_WHAT TO WORK ON_
Beginning with the line that contains "哈尔滨漫展不雅拍照,2021年第一场漫展就吃瓜 sihaiba.com 四海吧", print each line to the end of the data exactly. Omit the pictures.

_DATA EXTRACT_
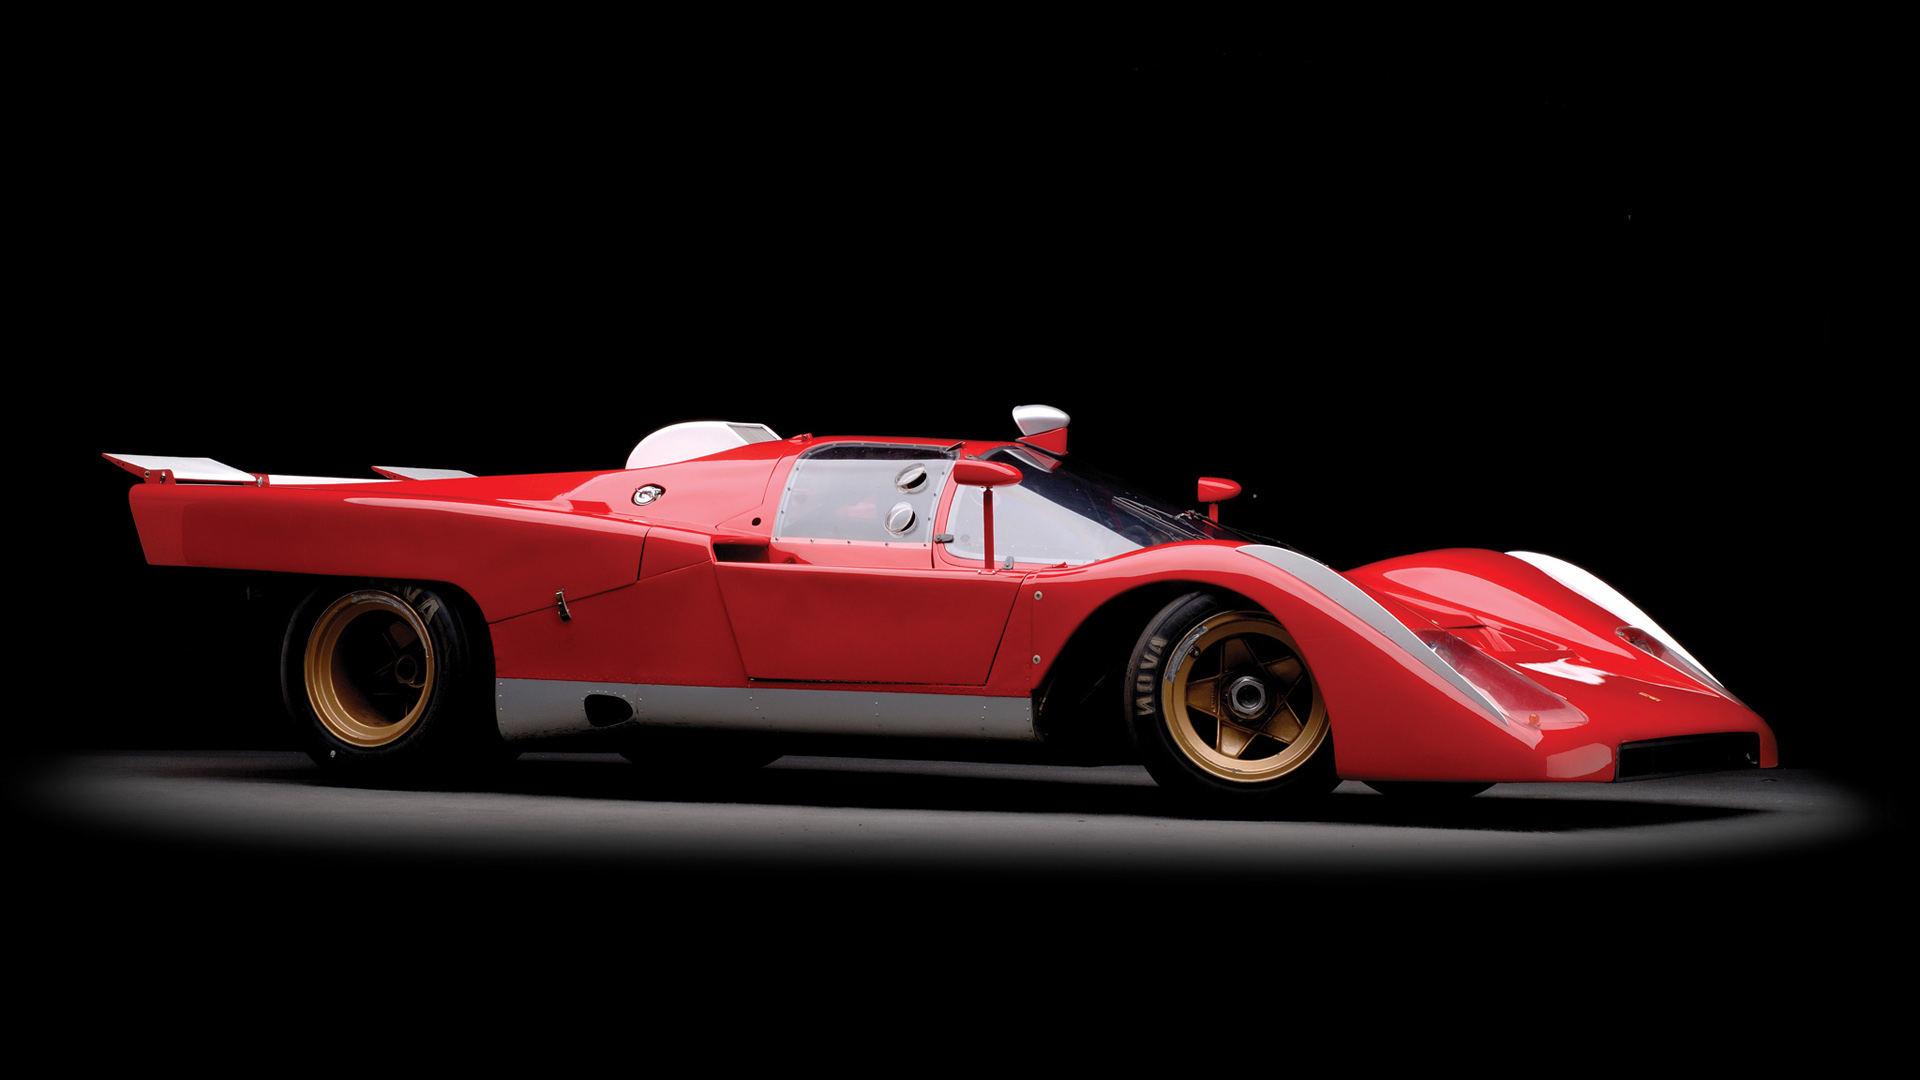 1970 Ferrari 512 M
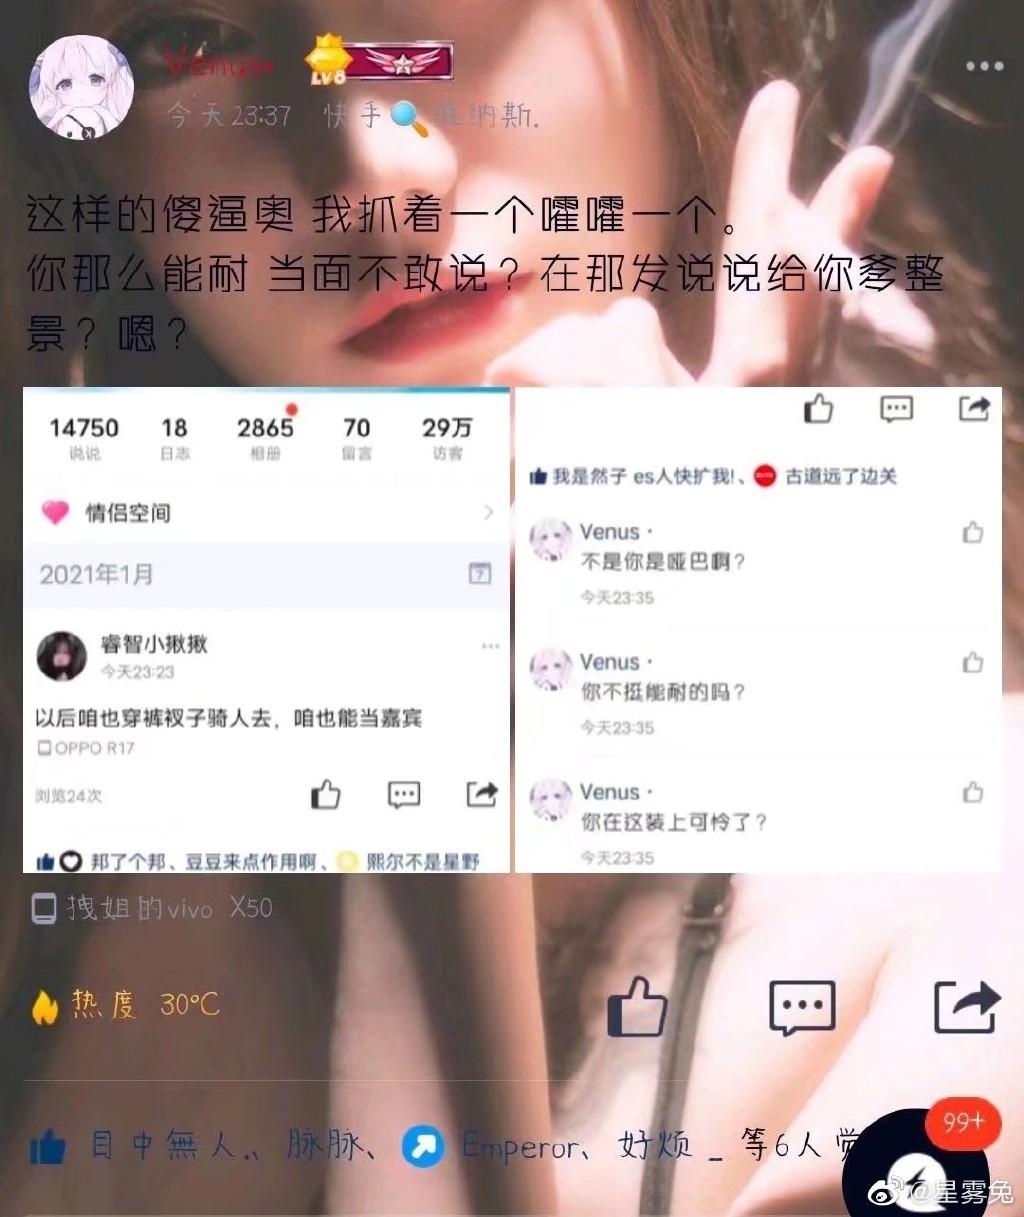 哈尔滨漫展不雅拍照,2021年第一场漫展就吃瓜 sihaiba.com 四海吧
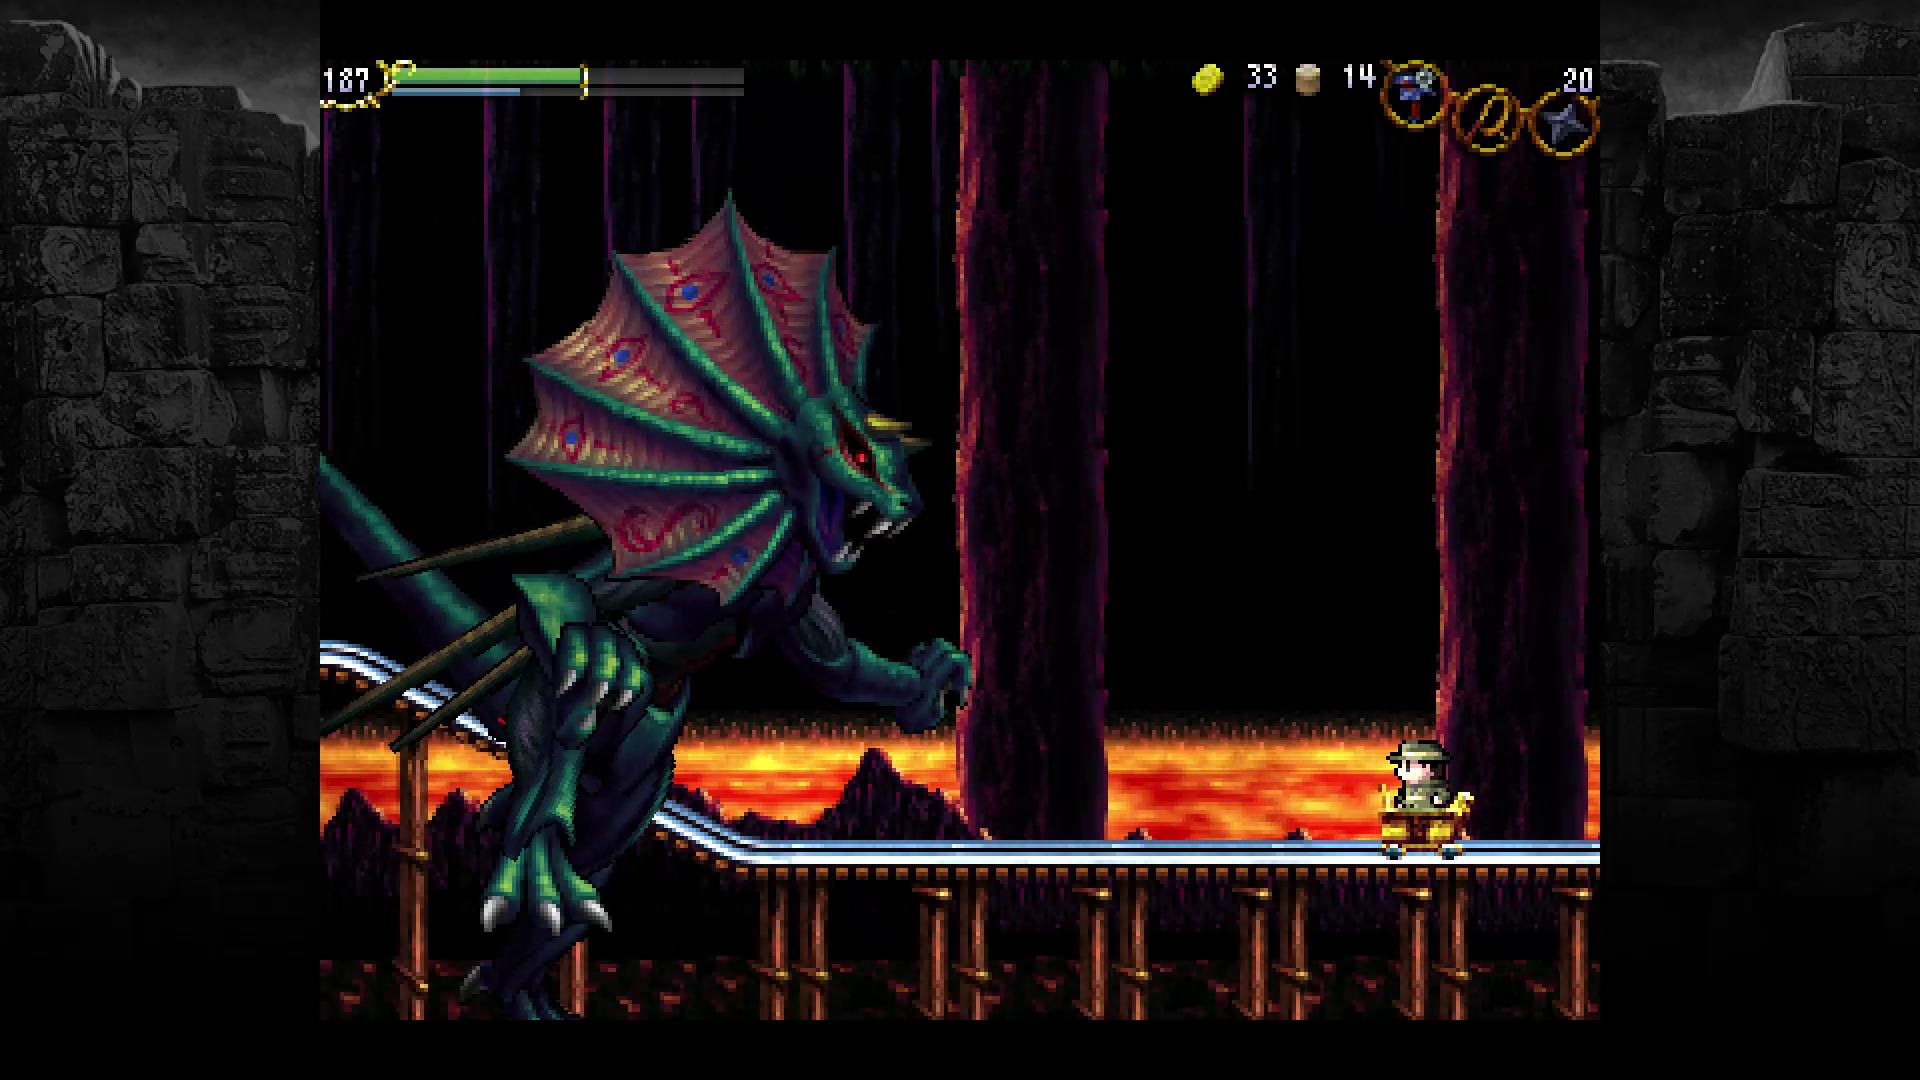 La-Mulana 1 & 2: pubblicato un nuovo trailer di gameplay thumbnail

_TASK OUTPUT_
 哈尔滨漫展不雅拍照,2021年第一场漫展就吃瓜 sihaiba.com 四海吧
 La-Mulana 1 & 2: pubblicato un nuovo trailer di gameplay thumbnail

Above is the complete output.